Two weeks after the procedure, the patient spontaneously developed severe, intermittent, lancinating pain in the right groin area radiating to the anteromedial proximal thigh. There were no symptoms or signs of infection. The patient noted that lateral bending toward the left and abduction of the right leg worsened the pain. A computed tomography showed postoperative changes with no evidence of recurrent hernia or mass. Treatment with nonsteroidal antiinflammatory drugs, muscle relaxants, and ilioinguinal blocks were unsuccessful. Upon examination, a focal point of tenderness was identified at the inferolateral portion of the pubic rami.
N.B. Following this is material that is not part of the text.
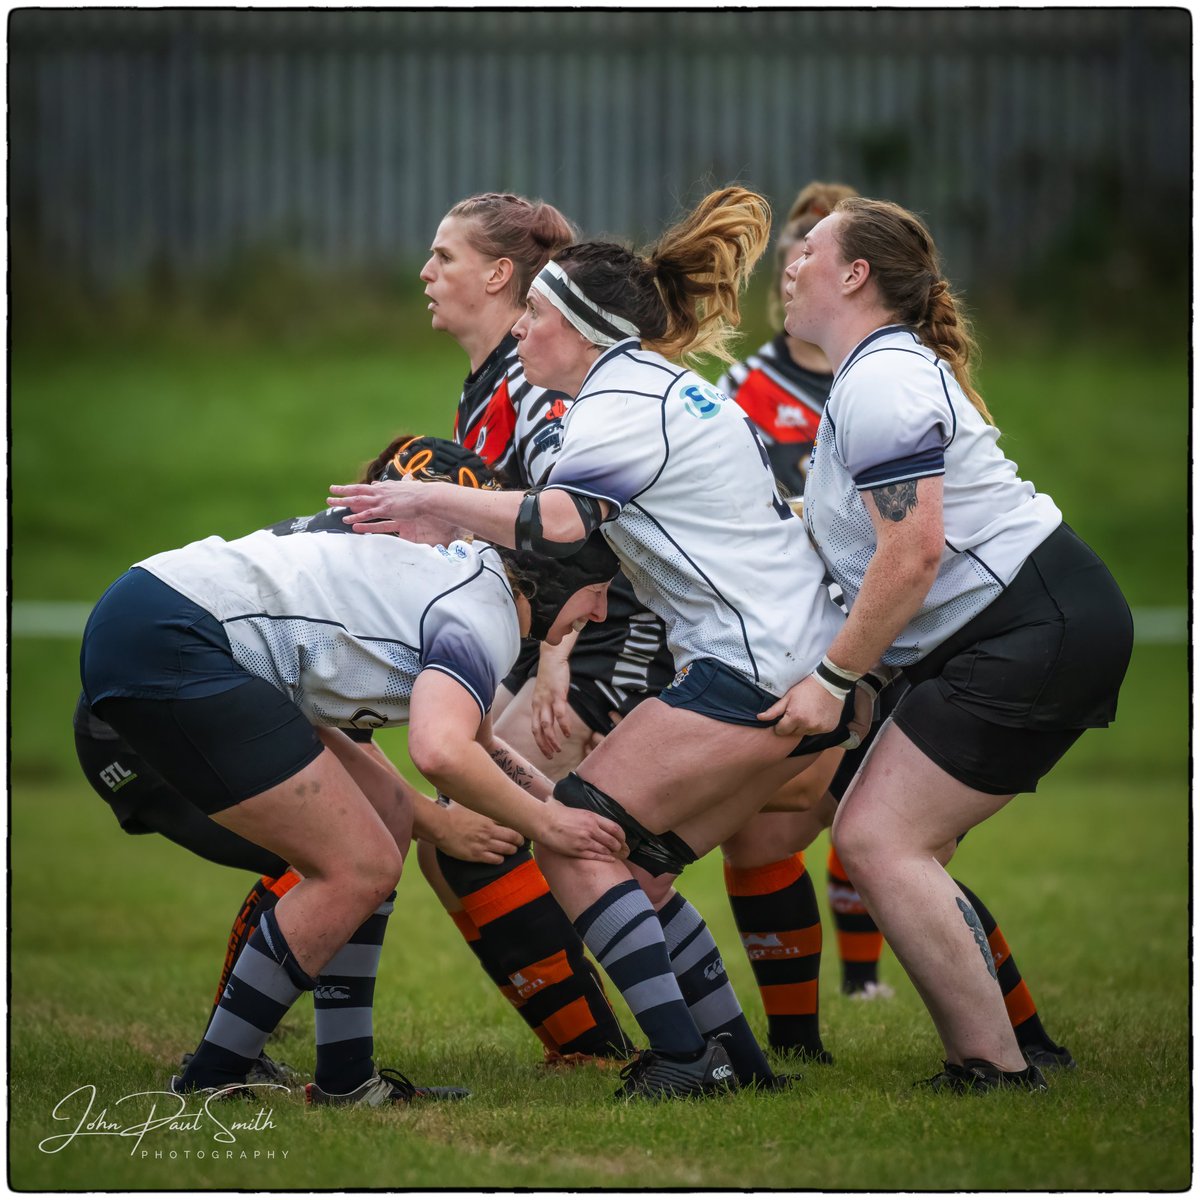 Quick pic from today's @WorkingtonWRUFC game.. #womensrugby #grassrootsrugby #rugbyunion @bbccumbriasport
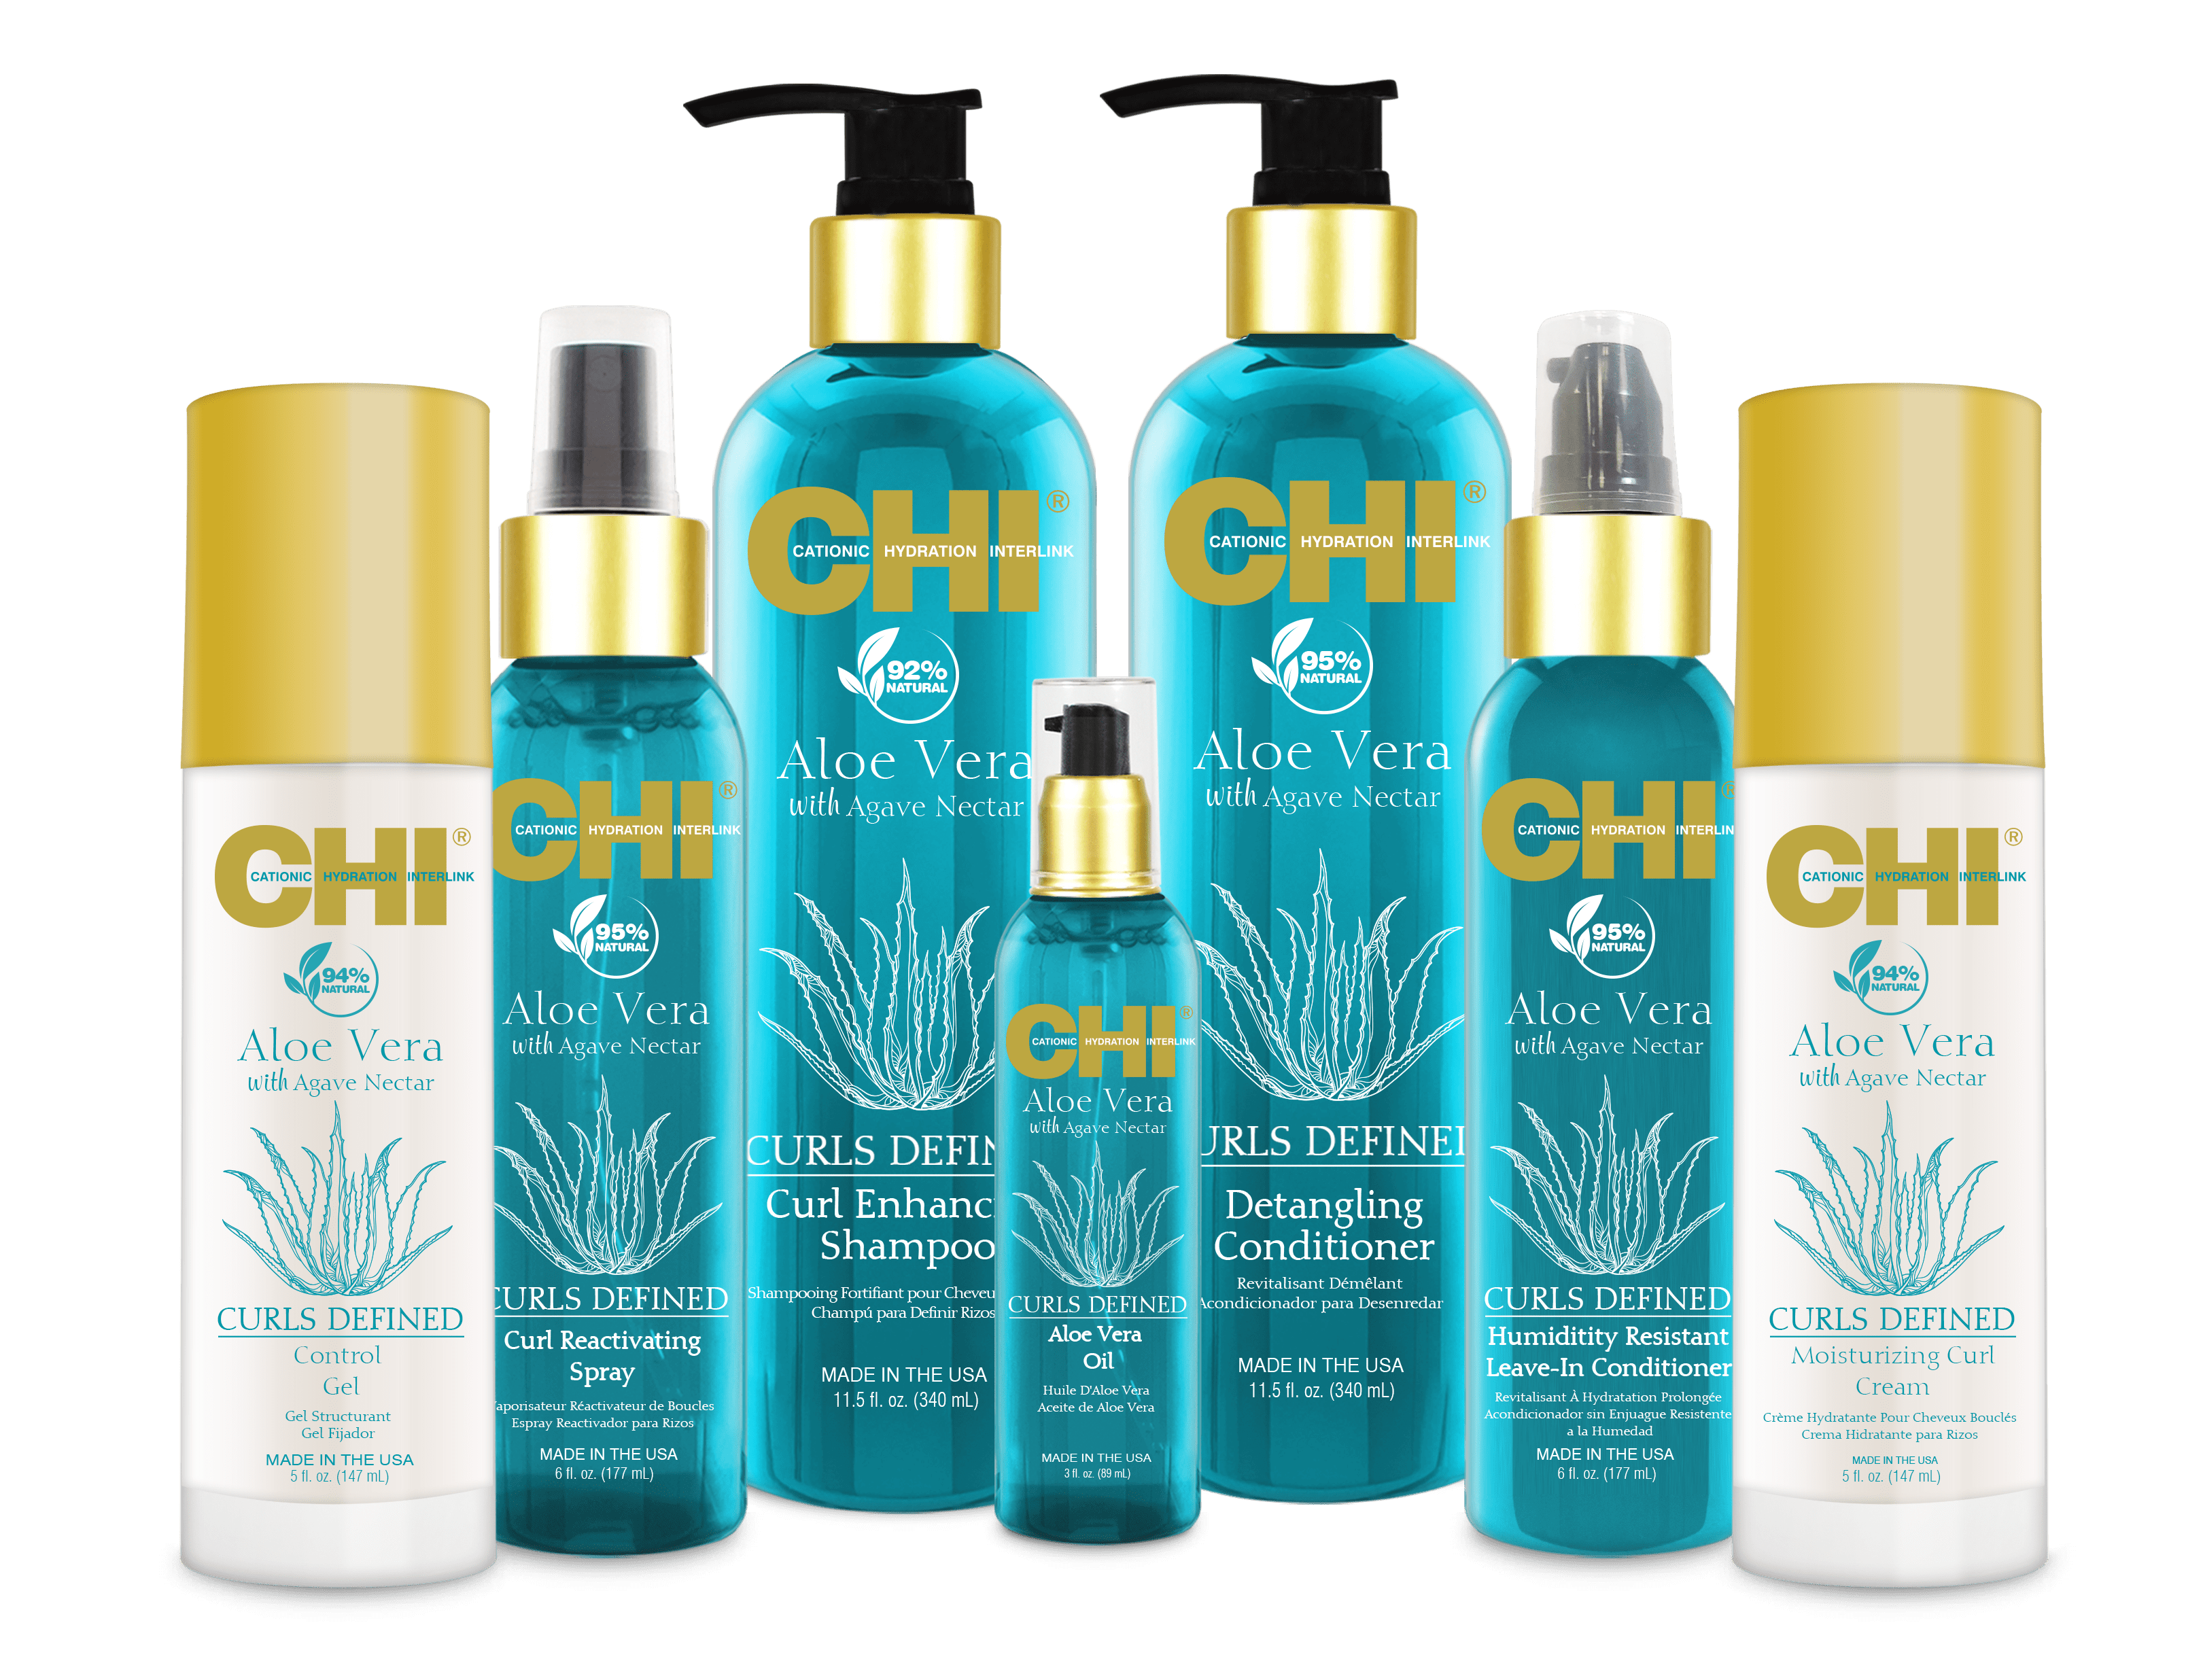 4. Top Brands of Blue Agave Nectar Hair Products - wide 2

This was investigated under fluoroscopy and was found to be directly overlying a surgical tack. Palpation over this site produced a positive Tinel's sign, duplicating the patient's presenting pain. An injection using 2 mL of 0.5% bupivacaine was performed under fluoroscopy at the site of the surgical clip (Figure 2, A and B). The patient was pain free for 2 months after the injection. Then, a repeat injection was performed using 2 mL of 0.25% bupivacaine containing 3 mg betamethasone that resulted in long-lasting pain relief.

Treatment of Genitofemoral Neuralgia After Laparoscopic Inguinal Herniorrhaphy With Fluoroscopically Guided Tack Injection (5)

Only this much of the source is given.